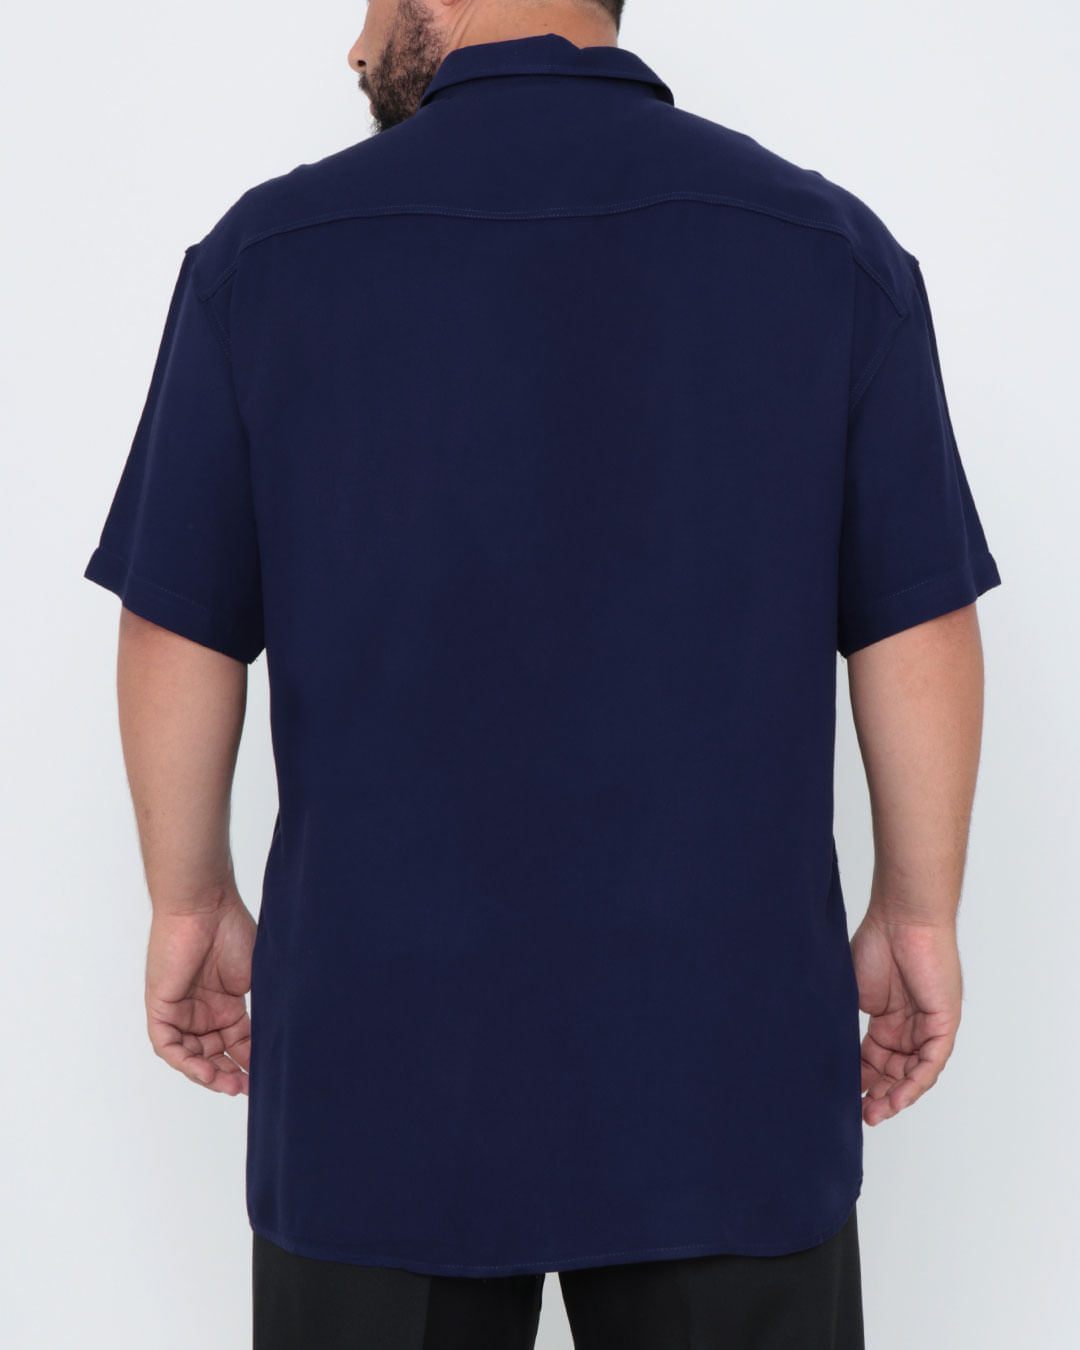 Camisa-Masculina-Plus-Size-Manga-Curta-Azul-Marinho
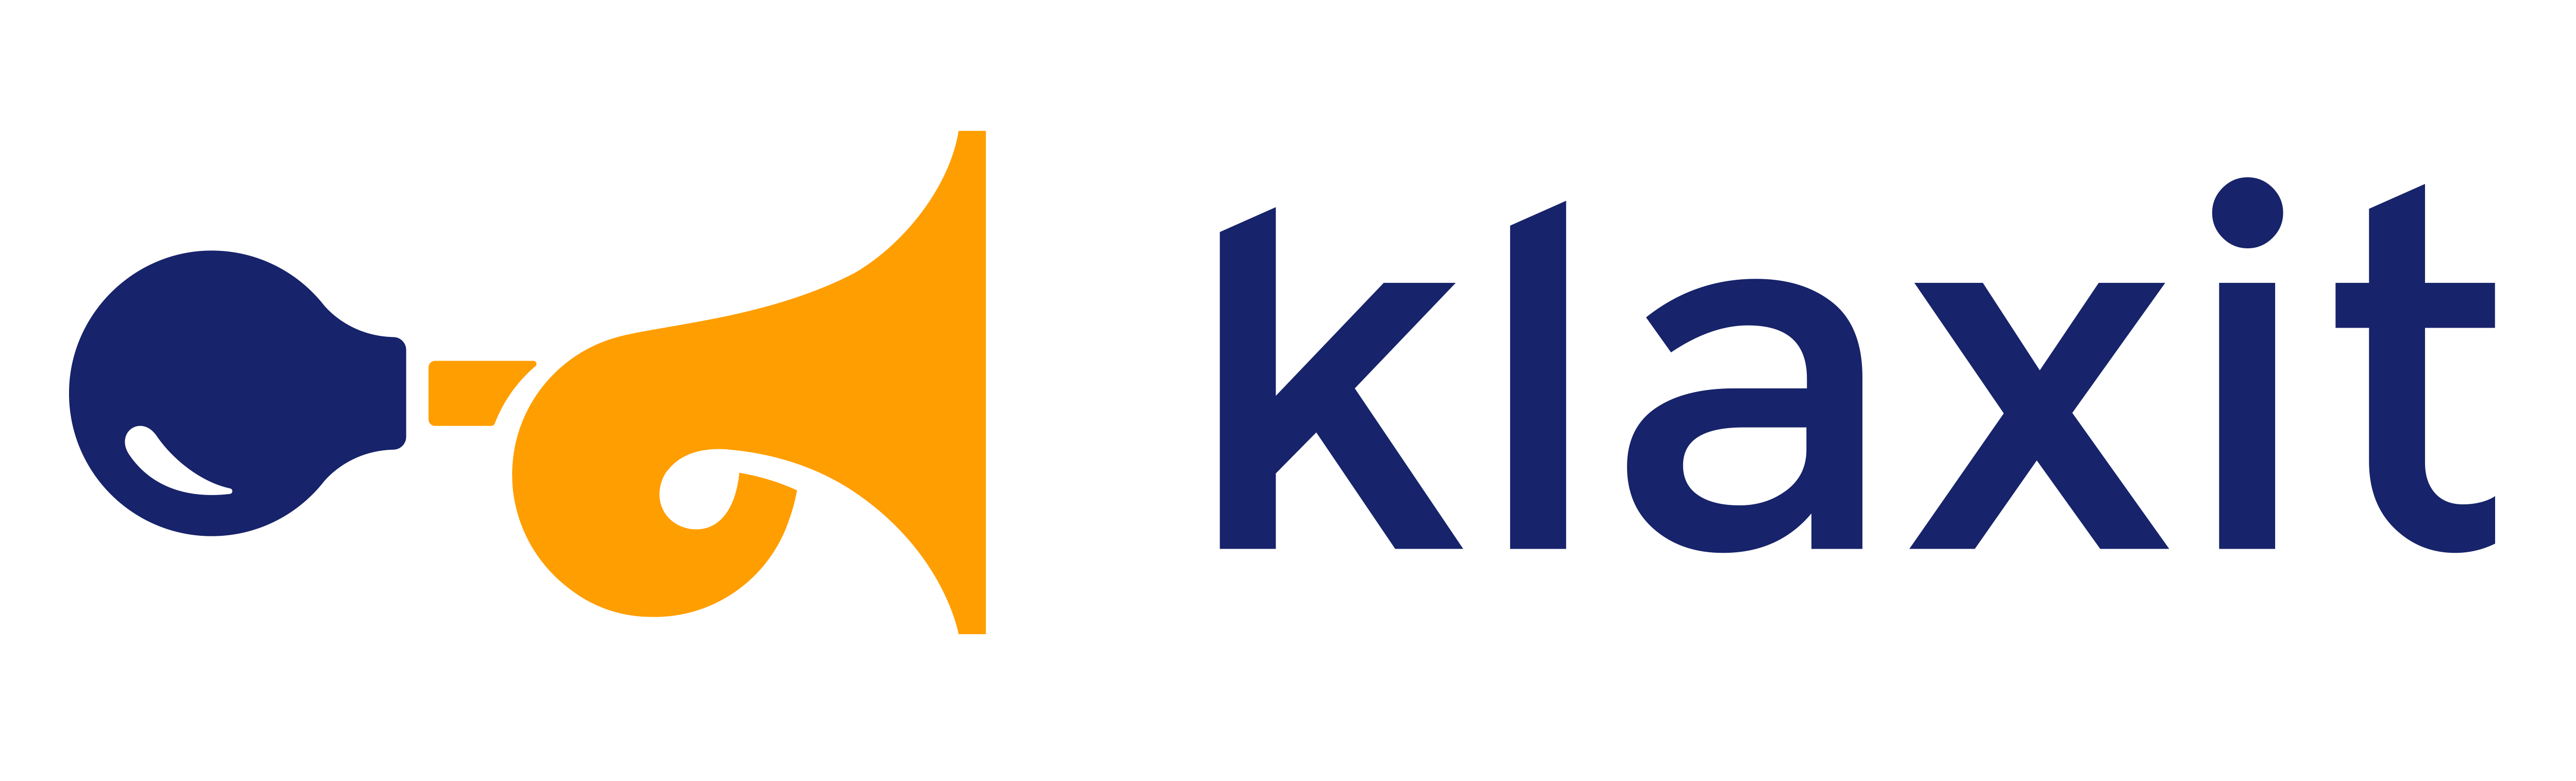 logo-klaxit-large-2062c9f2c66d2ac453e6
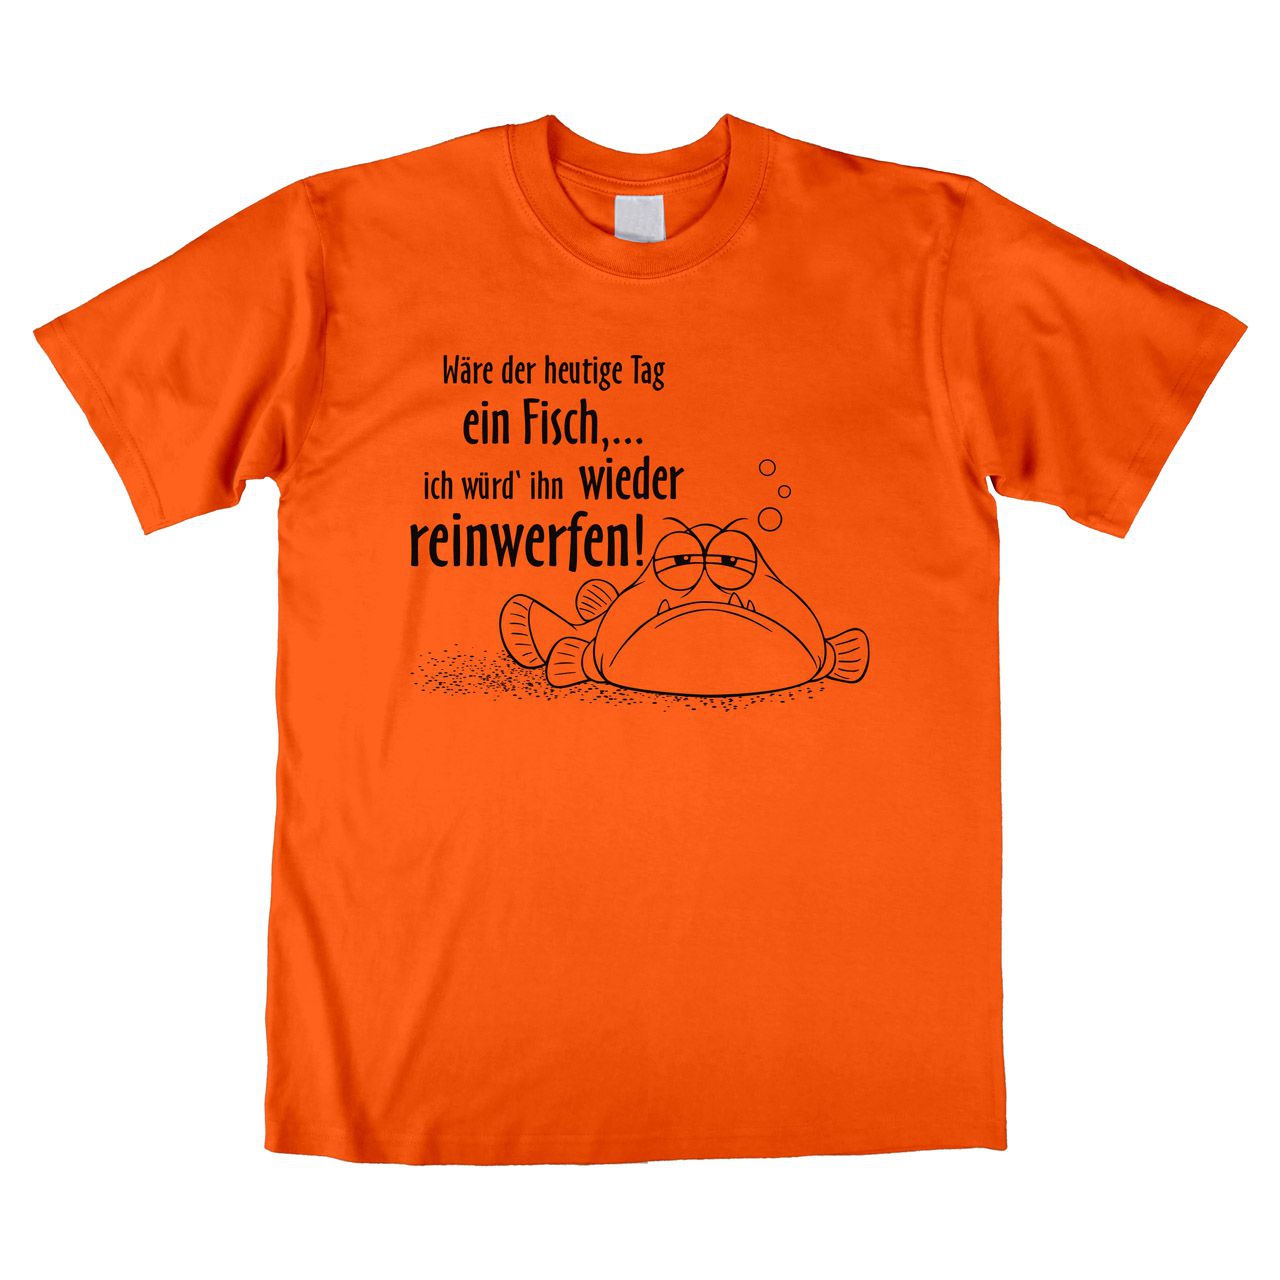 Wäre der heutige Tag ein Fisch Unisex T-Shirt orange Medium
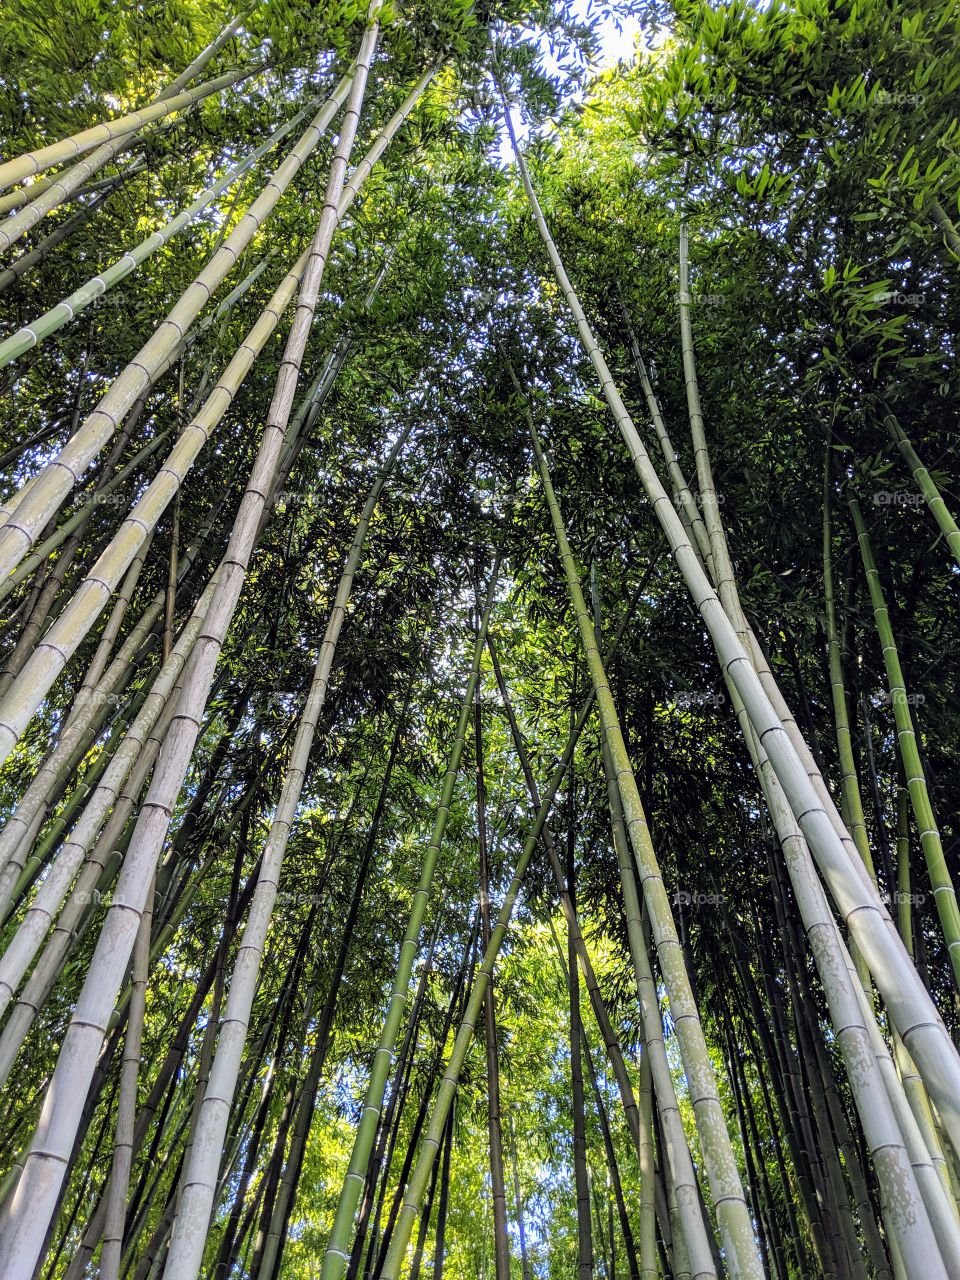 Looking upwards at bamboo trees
________________________
## Problem to solve
Nothing but an exact copy of the data, without pictures, should be returned.

## Your solution
 Camisa-Masculina-Plus-Size-Manga-Curta-Azul-Marinho
 logo-klaxit-large-2062c9f2c66d2ac453e6
 Wäre der heutige Tag ein Fisch Unisex T-Shirt orange Medium
 Looking upwards at bamboo trees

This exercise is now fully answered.